C. Wildlife Refuge Water Supply.

Section 3406(d)(1) of the Central Valley Project Improvement Act (" CVPIA"), Pub. L. No. 102-575, 106 Stat. 4600 (1992), requires the Secretary of the Interior (" Secretary") to provide water to certain wildlife refuges in accordance with " Level 2 of the 'Dependable Water Supply Needs' table for those habitat areas as set forth in the Refuge Water Supply Report..., ' a measure of water equal to historical water deliveries to the refuges between 1978 and 1984." FAC ¶ 64; CVPIA § 3406(d)(1). Section 3406(d)(2) authorizes the Secretary to take voluntary measures to provide an additional increment of water, called " Level 4, " needed to fully develop the refuges. FAC ¶ 64; CVPIA § 3406(d)(2). The Grasslands parties receive water pursuant to CVPIA § 3406(d).

D. Reclamation's Actions in 2014.

In 2014, for the first time, Reclamation claimed it was unable to deliver substitute water to the Exchange Contractors. FAC ¶ 90. In April 2014, Reclamation announced it would provide the Exchange Contractors with 40% of the substitute water owed them under the Exchange Contract. Id. at ¶ 92(A). This allocation of substitute water was later increased to 75% in October, the timing of which resulted in an overall 65% allocation of substitute water. Id. To fulfill its contractual obligations to the Exchange Contractors, Reclamation released San Joaquin water from Friant Dam to the Exchange Contractors. See id. at ¶ 90. This decision deprived Plaintiffs of nearly all their CVP water supply. Id.
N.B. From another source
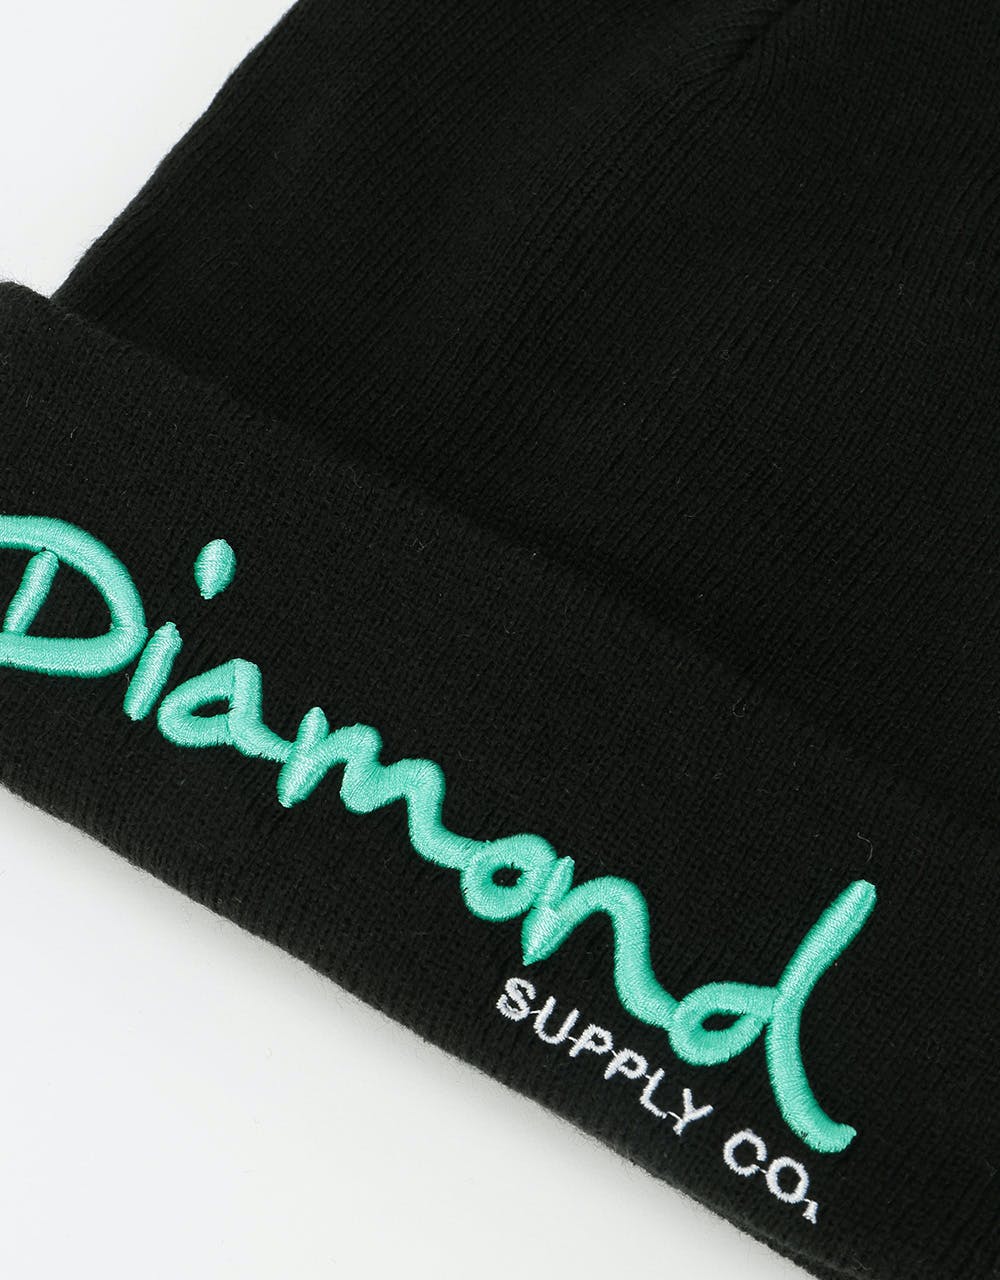 Diamond Supply Co. OG Script Beanie - Black

At the same time, Reclamation also announced in April 2014 that it would provide wildlife refuge areas with 40% of their Level 2 allocations. Id. at ¶ 92(C). Reclamation later increased this allocation to 65%. Id.

E. Procedural History.

Plaintiffs' original complaint, filed May 20, 2014 against Federal Defendants and Grasslands, alleged Federal Defendants' conduct violated various provisions of federal law and the Administrative Procedure Act (" APA), 5 U.S.C. § 701 et seq., and requested adjudication of rights under the contracts between Plaintiffs, Grasslands, and Federal Defendants. Doc. 1. Also on May 20, 2014, Plaintiffs filed a motion for a temporary restraining order (" TRO") that would have, among other things, required the Bureau to provide water to the Exchange Contractors from sources other than Millerton. Doc. 3. On May 22, 2014, the Exchange Contractors moved to intervene in this matter as of right or in the alternative for permissive intervention. Doc. 24. On May 27, 2014, this Court granted the Exchange Contractors' motion to intervene and denied the motion for a TRO. Docs. 44 & 45.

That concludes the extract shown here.